The weird part to me is the negative soundtrack is so ingrained I did not really notice its absence or muffled mumbling until it faded into the background for awhile. The occasions when I have lost my grip or my focus on the road in front of me and allowed them to take hold they seem so much louder, more persistent, and so destructive.
I am encouraged, though. I
am starting to believe I have more control over this stuff, that there is a way past my personal history and its buttons and triggers and ingrained beliefs about me and my place in the wide world of life. Change, positive change, was a painful hope better to be left outside my view and never, ever mentioned as a possibility. Maybe Definitely not so much now.
Looking at my history of going from denial to coping to managing one issue at a time I see an undeniable pattern of improvement and change. Even reading back through some of my blog posts where I say nice things about myself or repeat compliments I have received I feel that old stab of shame for my conceit and vanity, which I am presently ruthlessly stomping and compacting to something small enough to be rightly pitched from my consciousness. Truth is I am a nice enough person; I am not routinely unkind to others or to animals. Usually only when provoked beyond reasonable tolerances.
I think I am improving in accepting compliments graciously. At least I do not automatically deny or twist myself into a pretzel trying to minimize the kindness. Progress.
Probably there will be a lot more strikeouts of qualifiers as we move along.
Commenter SAK noted that I underestimate my abilities, being mired for so long in the negative. It is beyond possible and into very likely territory that she is correct, and it is also possible to very likely I may agree with her. Either way, I am hugely flattered she thinks that is the case. But I also know that my goal is sustainability, and I have to work the process to make sustainability happen. In a week, a month, a year my outlook will be different. Perhaps my ego will be completely unbound and Hell-bent on world domination and I will be truly insufferable, but that is not something to concern myself about this particular Wednesday – ego still very much in check as of this moment. (*smile*) If and when it happens it will be an issue to be wrangled and subdued. For now, I will just continue my tiny little baby steps forward and celebrate each and every success as it happens.
The day has turned into a good one, especially considering the dust-up of fear and anxiety from the Very Bad Incident; all that has calmed considerably. The day began weakly and has built up my strength and resilience as the hours have passed. I expect it will wind down quite powerfully. Progress marches on.

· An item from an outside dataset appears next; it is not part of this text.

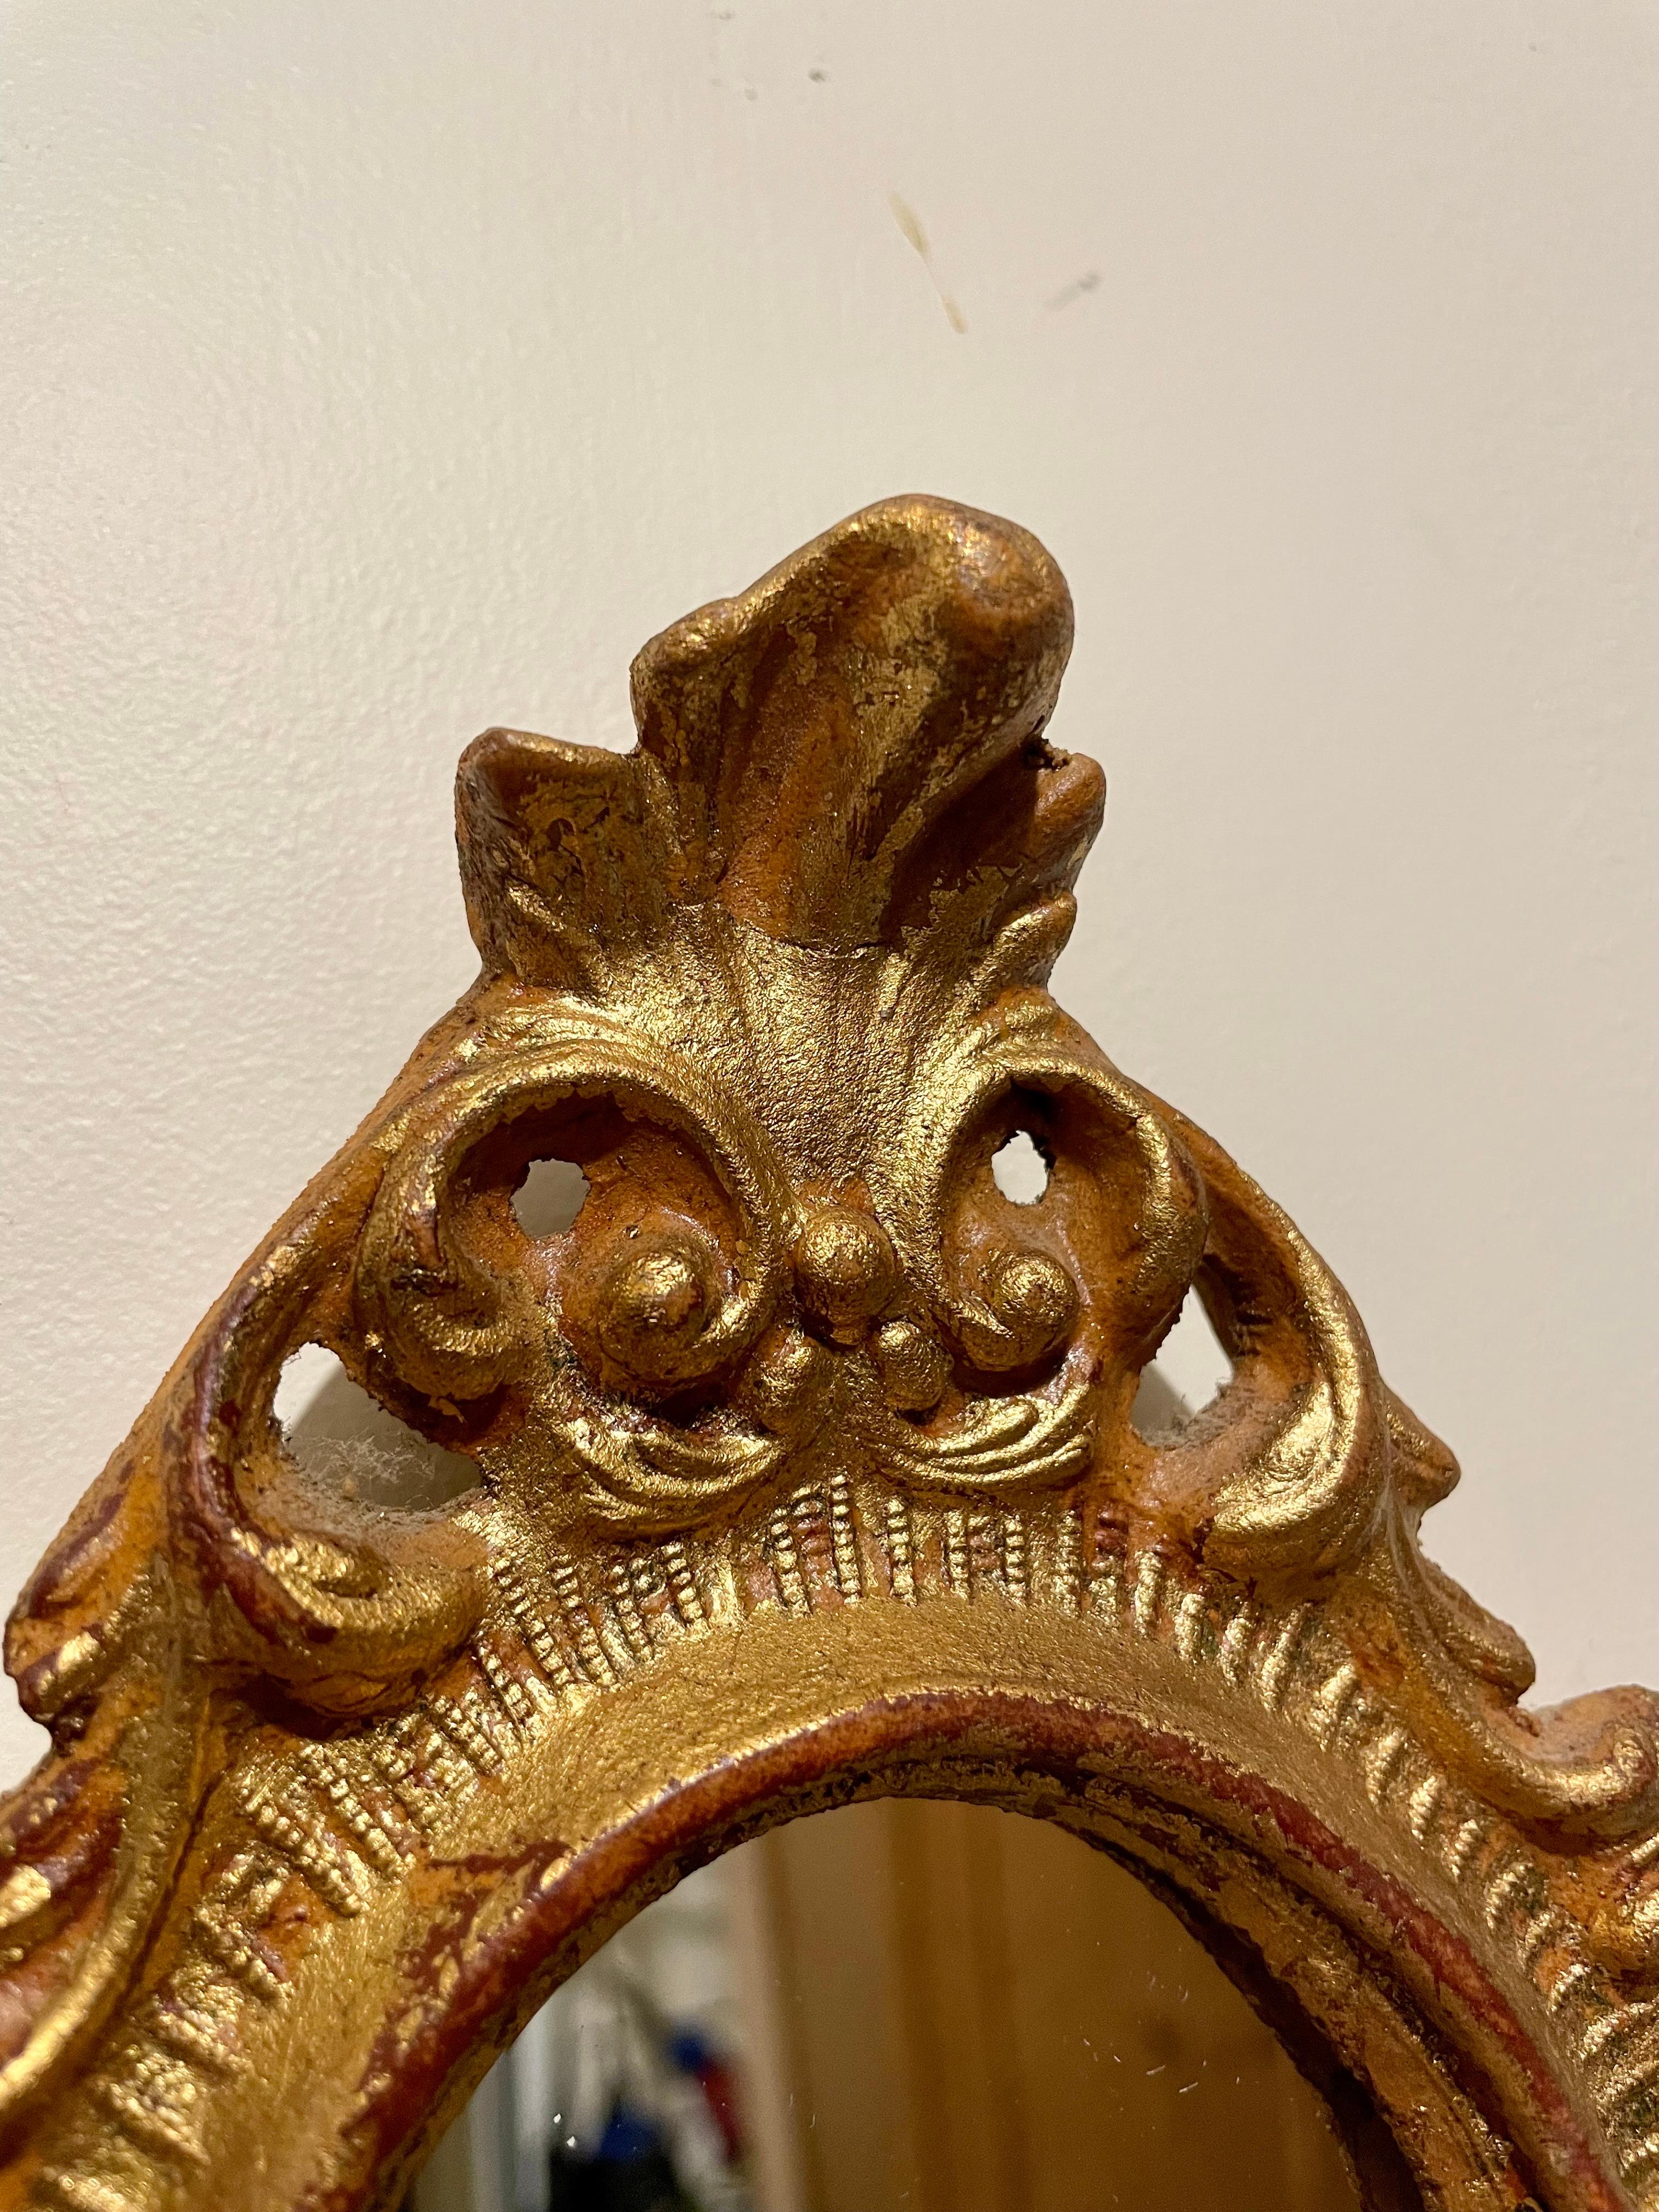 Superbe miroir Florentine italien en bois doré de style Hollywood Regency. Bon état avec un miroir récemment remplacé. Mesure 8,5

And tomorrow is Thursday, training day. It will be fun no matter what J is contemplating, and I am looking forward to being back in the gym and in a better, more present and focused frame of mind. I have stopped listening to the gym’s marketing machine – headphones are a great thing – and am back to deleting any and all email or articles in my reader related to fitness and health and instant results and cautionary tales. For a little while I will retreat and depend on gatekeeper J to fill in the blanks with stuff I should know about. Left to my own devices I get overwhelmed and aggravated with all the crap.
And soon it’s off for kava. With this crew, that should prove interesting to watch.